The New York Times takes a close look at Juerg Judin’s Berlin gas station renovation project:
Mr. Judin, 47, bought it and its 800-square-meter (8,611-square-foot) corner lot for 500,000 euros ($740,000) in 2005. Over the next three years, he restored the existing building, erected a new wing and created an idyllic outdoor garden.
“The original idea was that it would be a space for an artist-in-residence,” said Mr. Judin who, with the New York dealer David Nolan, opened Nolan Judin Berlin in October 2008, a gallery that displays the works of prominent artists like George Grosz, the German painter, as well as up-and-comers like Adrian Ghenie, a contemporary Romanian painter. […]
The refurbished station alone would have made for a live/work area of about 93 square meters (970 square feet), but Mr. Judin figured that wasn’t enough space for an artist to really spread out. He added on to the existing structure a two-story building set at a 90-degree angle.
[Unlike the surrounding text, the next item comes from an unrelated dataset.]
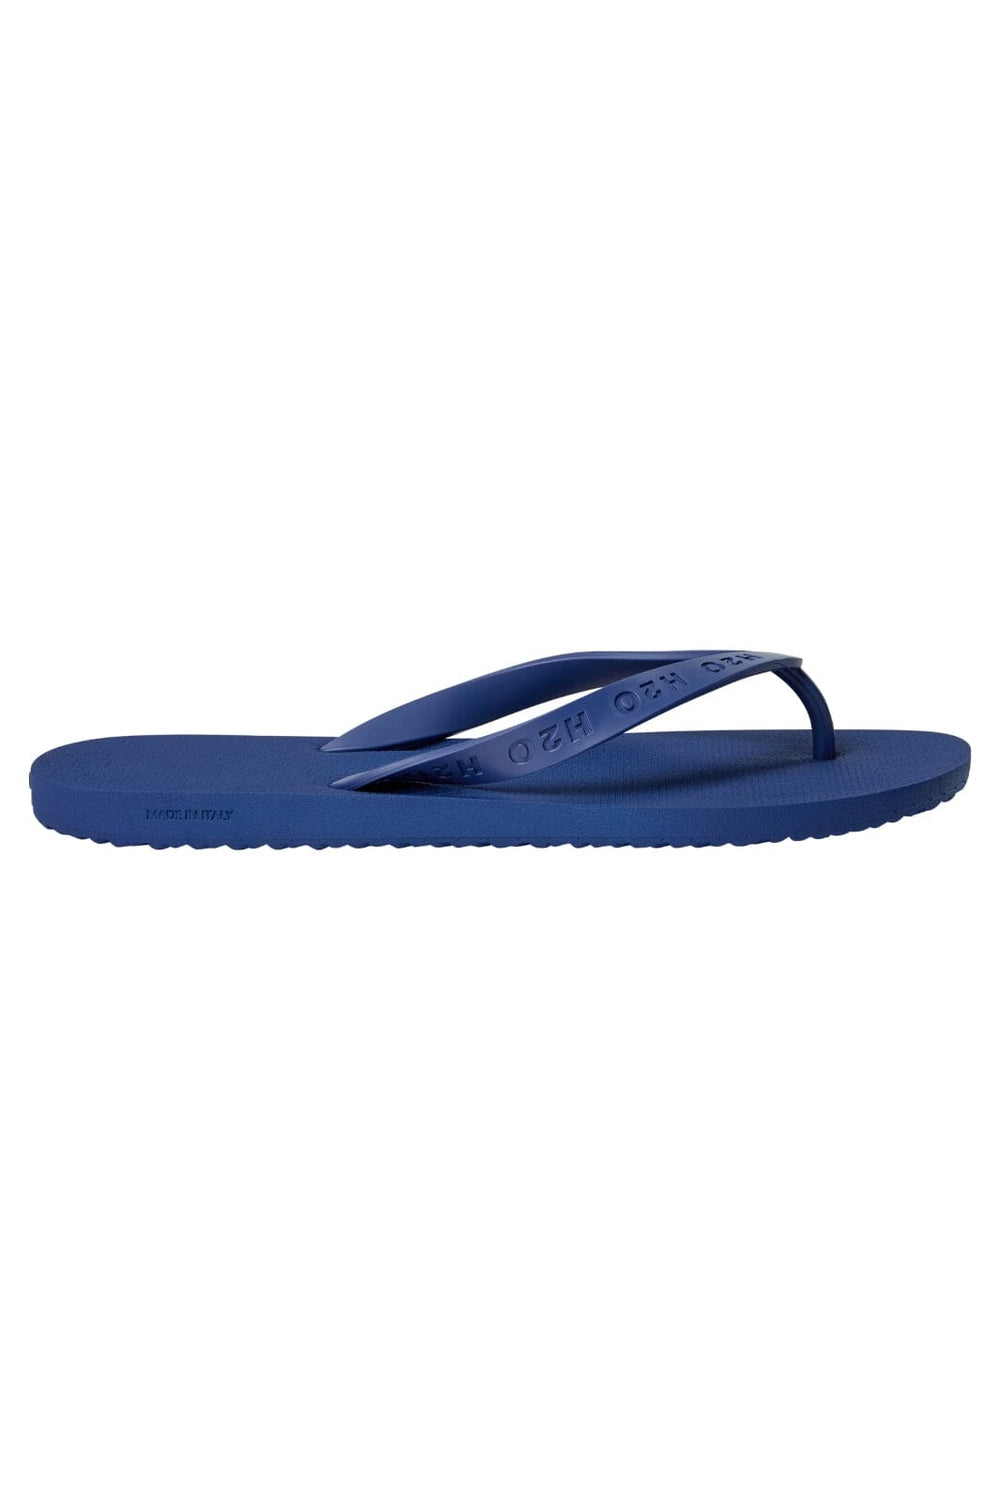 H2O - Flip Flop - 2506 Indigo Blue Sandaler 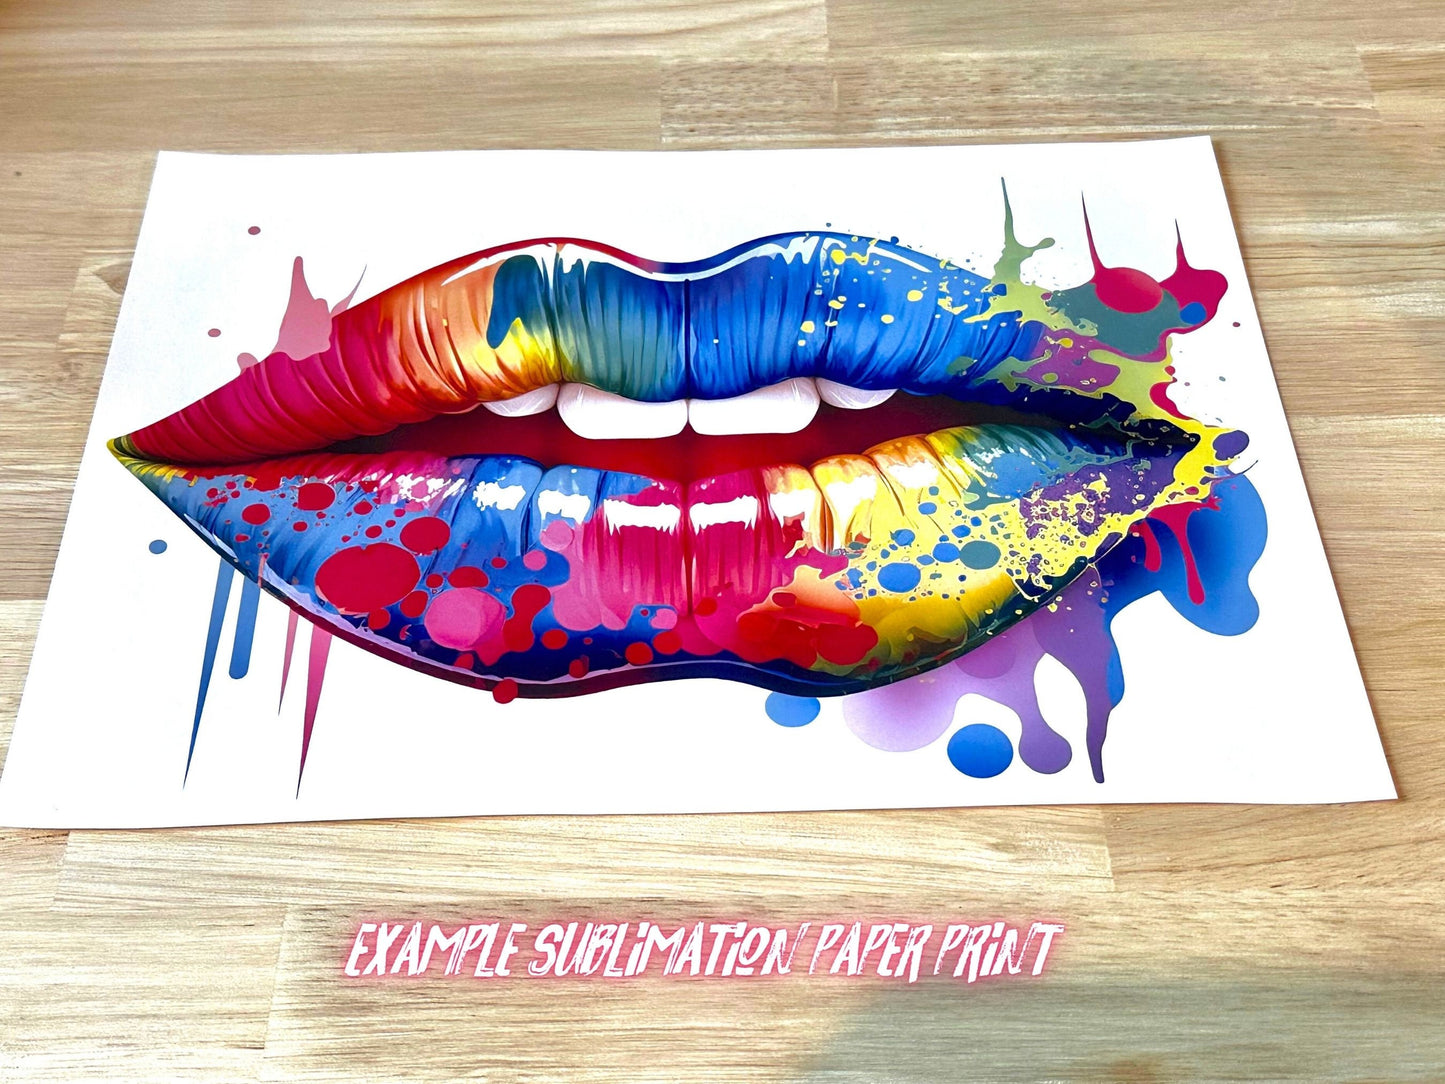 Best Seller Paint Splattered Lips PNG - Vibrant Sublimation & Clipart Design, High-Res Digital Download

The addition, shaped like an elongated trapezoid with translucent outer walls, created an additional 300 square meters (3,200 square feet).
The ground floor’s living space has a living room, a wall of art books — “Most of my library is still in storage,” Mr. Judin says — as well as a guest bedroom and bathroom and lots of wall space for rotating art. The upper floor is a 100-square-meter (1,076-square-foot) studio and exhibition space with a white floor, white walls and soft light filtering in through the translucent facade.